Рухшона пожимает плечами: как ей вернуться – после сегодняшнего? Да и чем бы ни закончились следствие и суд, все равно ведь выдворят, депортируют.

Нет, нет, она удочерит ее. Деточка, доченька.

– Совершеннолетнюю? При живой маме? Вздор.

Надо толкового адвоката. Лишь бы она вернулась, повторяет Ксения, и получит всё. А адвокат будет, самый-рассамый. Только вернись!

Нужно ли Рухшоне Ксенино «всё»? Она задумывается – впервые, кажется, за весь разговор. Возможно, ее назначение – обращать несчастных теток в истинную веру, в Единобожие, – там, где она окажется скоро. Вот для чего понадобились сегодняшние события! Рухшоне уже видятся колонны заблудившихся, грешных русских женщин, не обязательно русских – всяких, в одинаковых синих ватниках, серых платках. Она, Рухшона, сообщит им правду, укажет путь.

– Не нужен самый-рассамый, давай попроще. А можно и без него. Не траться на адвоката, Ксения.

– Почему ты так хочешь?

– Не я так хочу. Потом поймешь. А теперь я устала. Иди.

Ксения глядит на часы: да, время-то… Тяжелый был день. Пусть отдыхает, ей завтра в область. Может, к утру передумает – про адвоката. Как знать?
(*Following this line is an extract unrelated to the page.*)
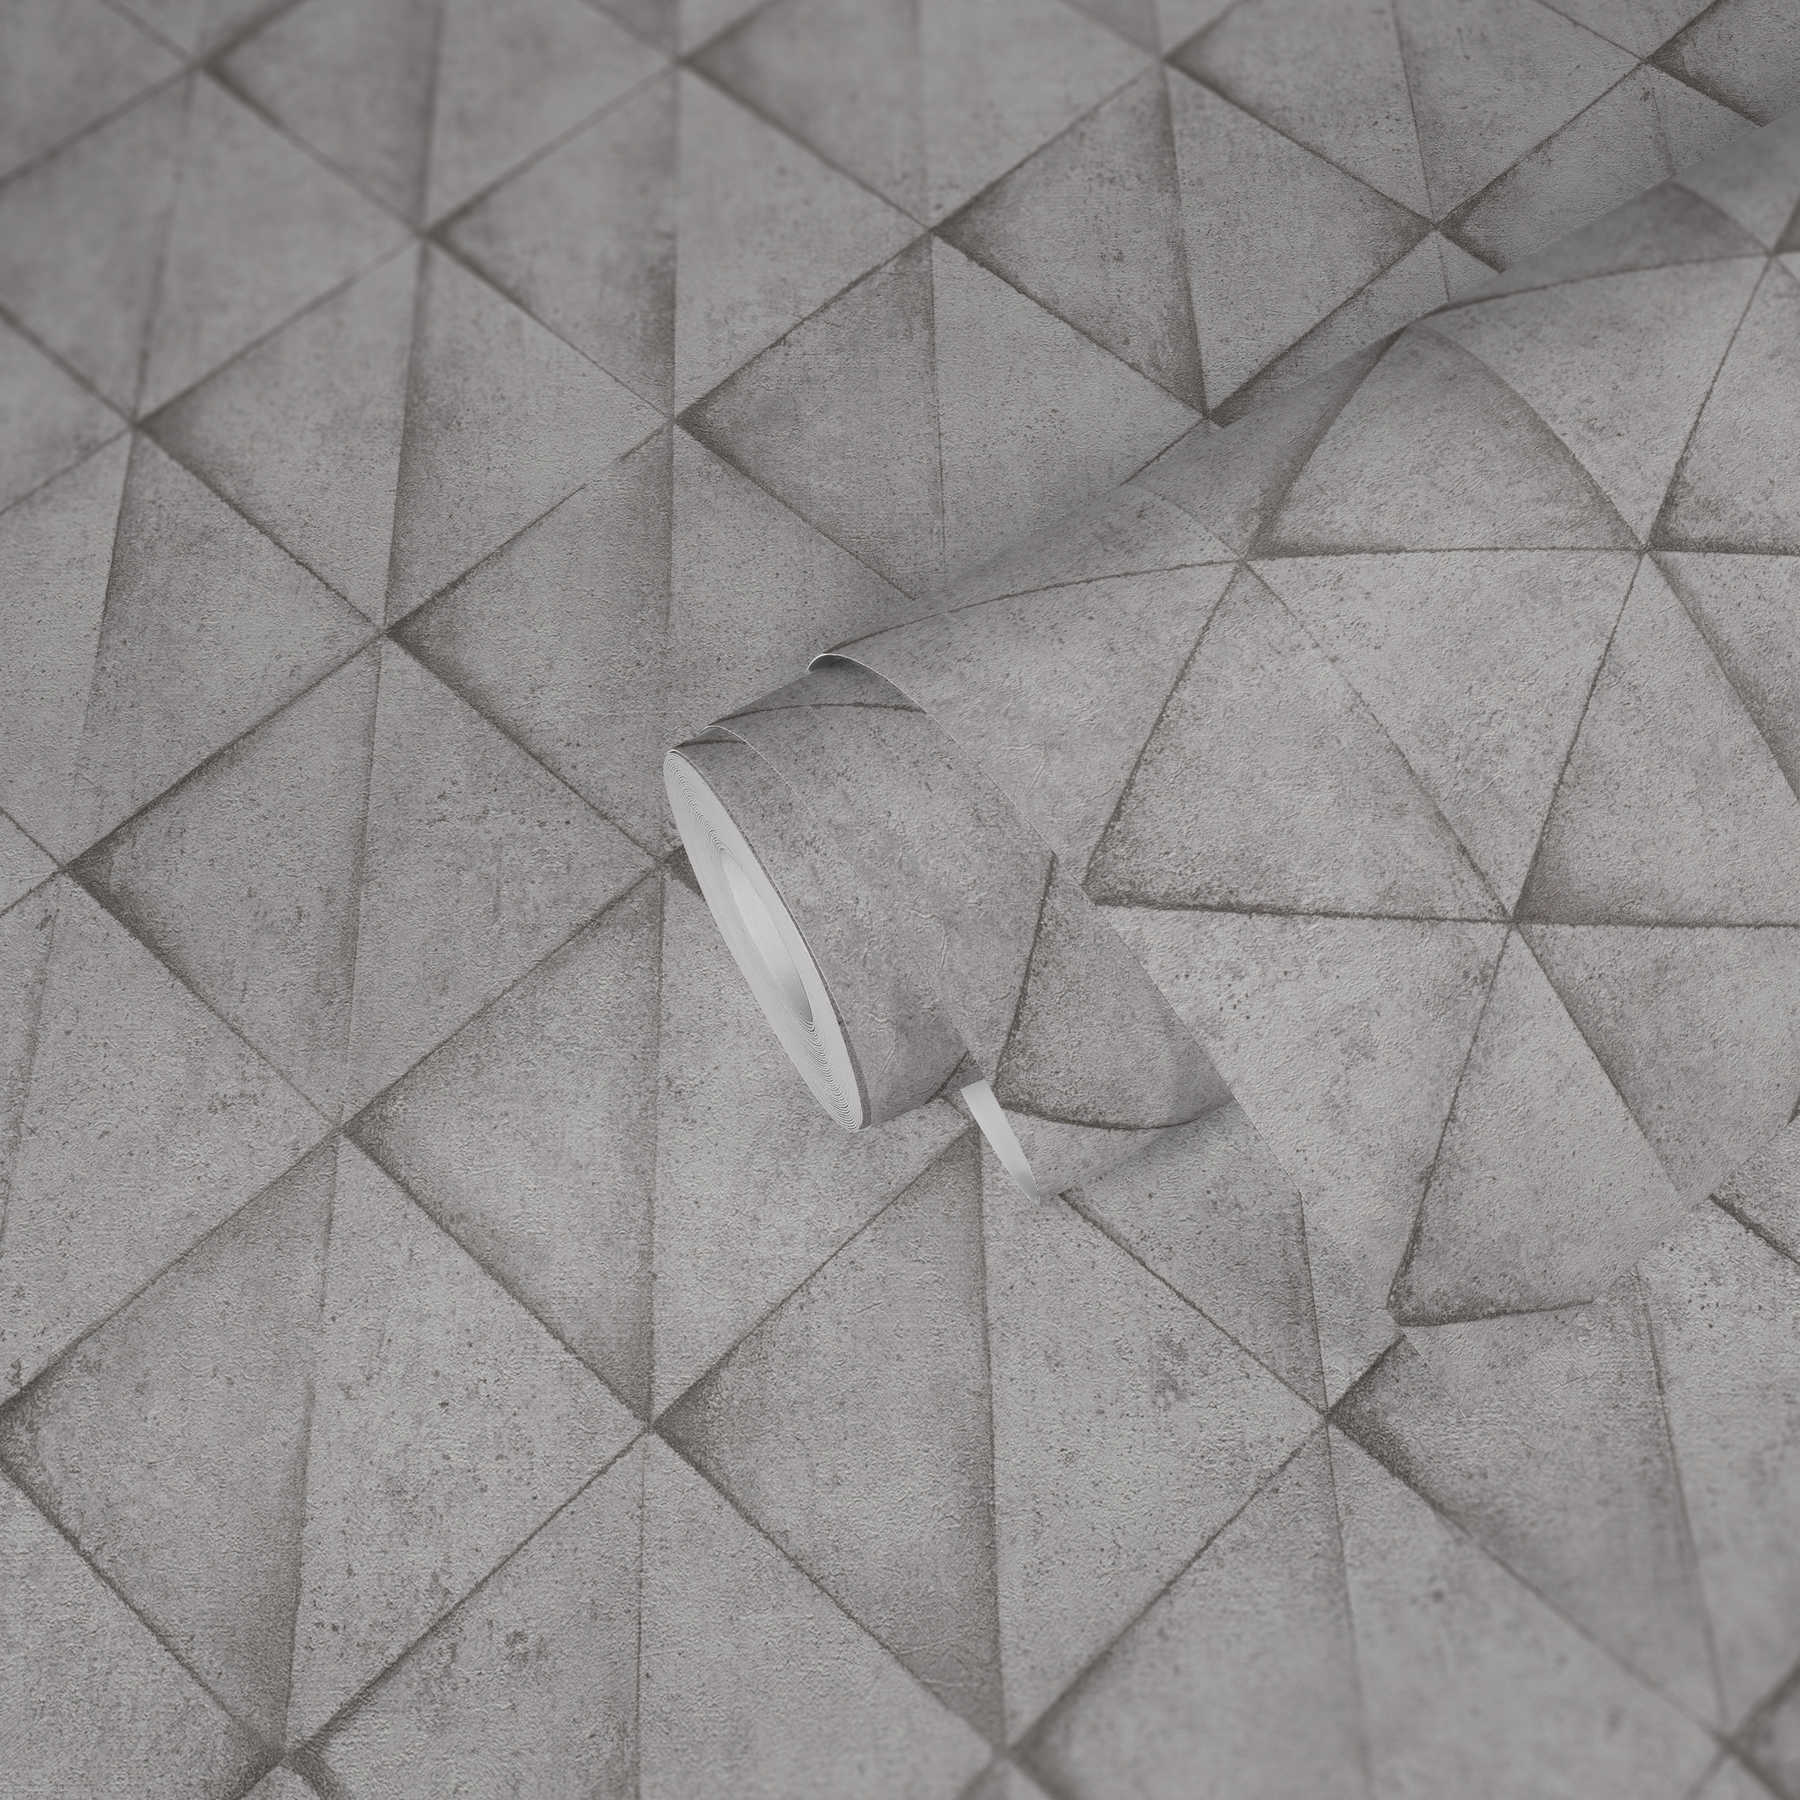             Carta da parati effetto cemento, aspetto usato 3D - grigio, bianco
        
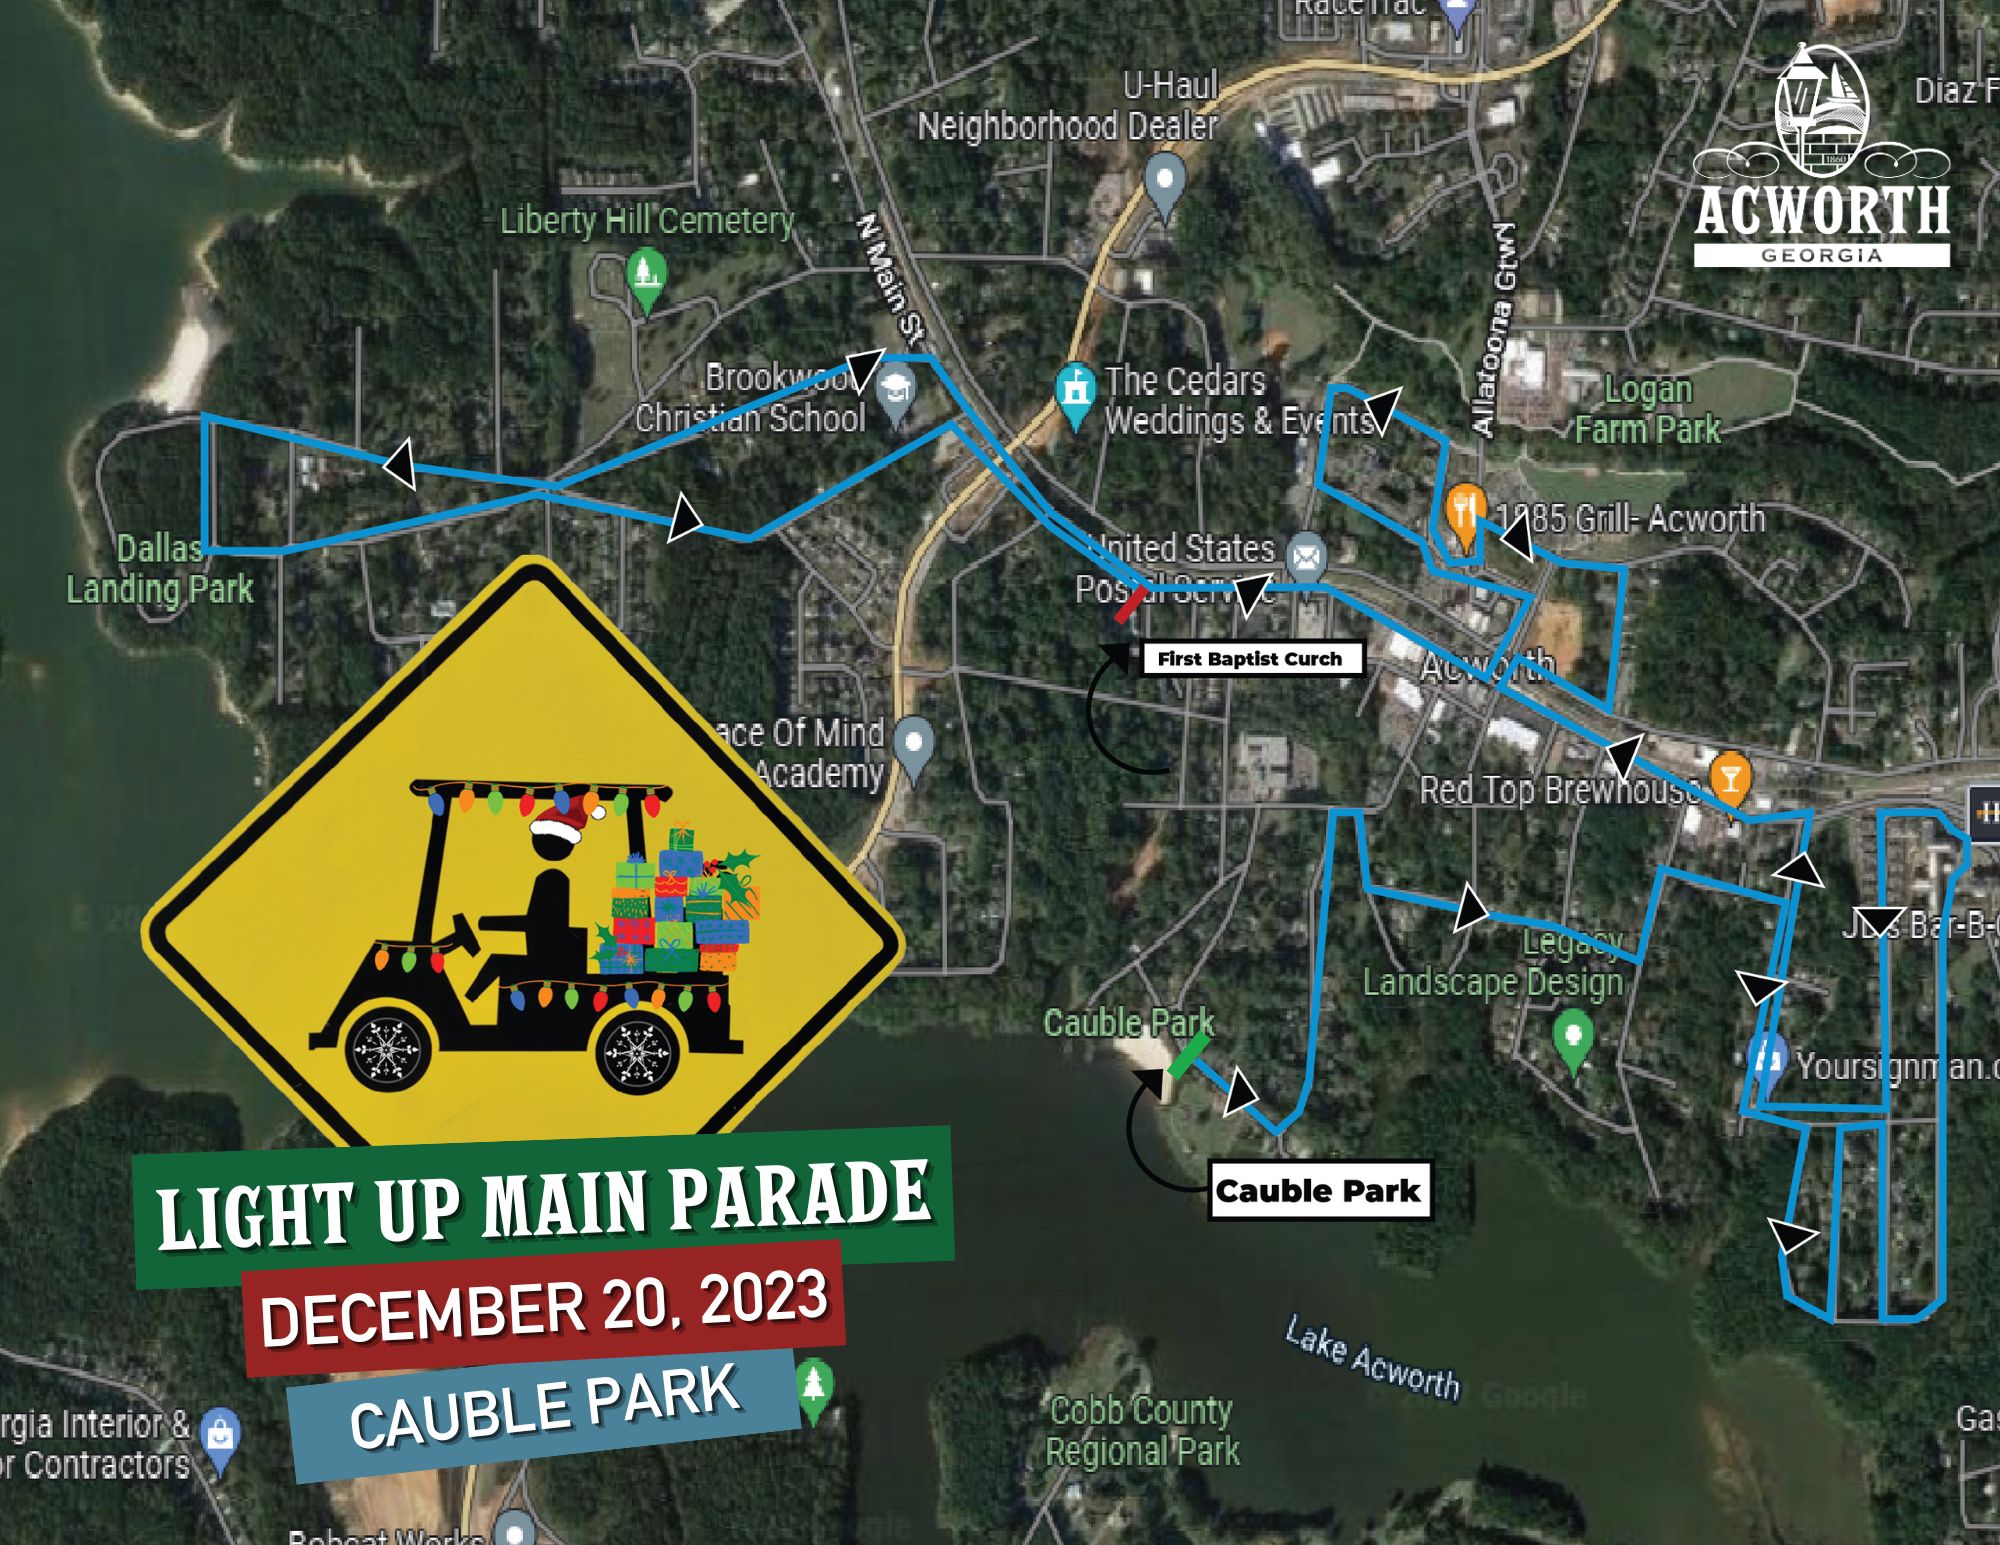 Image 2023 Light Up Main Golf Cart Parade Map

Ксения пробует что-то еще уловить – из ее выражения лица. Но на нем уже ничего не читается, только крайнее утомление. Да, пора. Если б знать, когда снова…

Они прощаются.

– Аллах милостив, – Рухшона угадывает ее мысли. – Еще повидаемся.

Ксения прижимает ее к себе, выше груди не достает, утыкается головой, обнимает и держит, держит, не оторваться…

– Скажи что-нибудь.

– Аллах милостив, – повторяет Рухшона, наносит удар по двери, чтоб открыли. – Иди, иди.

* * *

– С наступившим вас, Ксения Николаевна, – кивает головой дежурный перед тем, как за ней запереть. Ксения смотрит недоуменно, словно не поняла.

Она выходит на воздух, вдыхает его, идет через темный город, свой город. Люди спят, она нет, это нормально, эти люди ей вверены. Теперь она знает, Кем вверены и зачем. Вот ее дом, позади него она отчетливо представляет себе большую красную башню, самую высокую на много километров кругом.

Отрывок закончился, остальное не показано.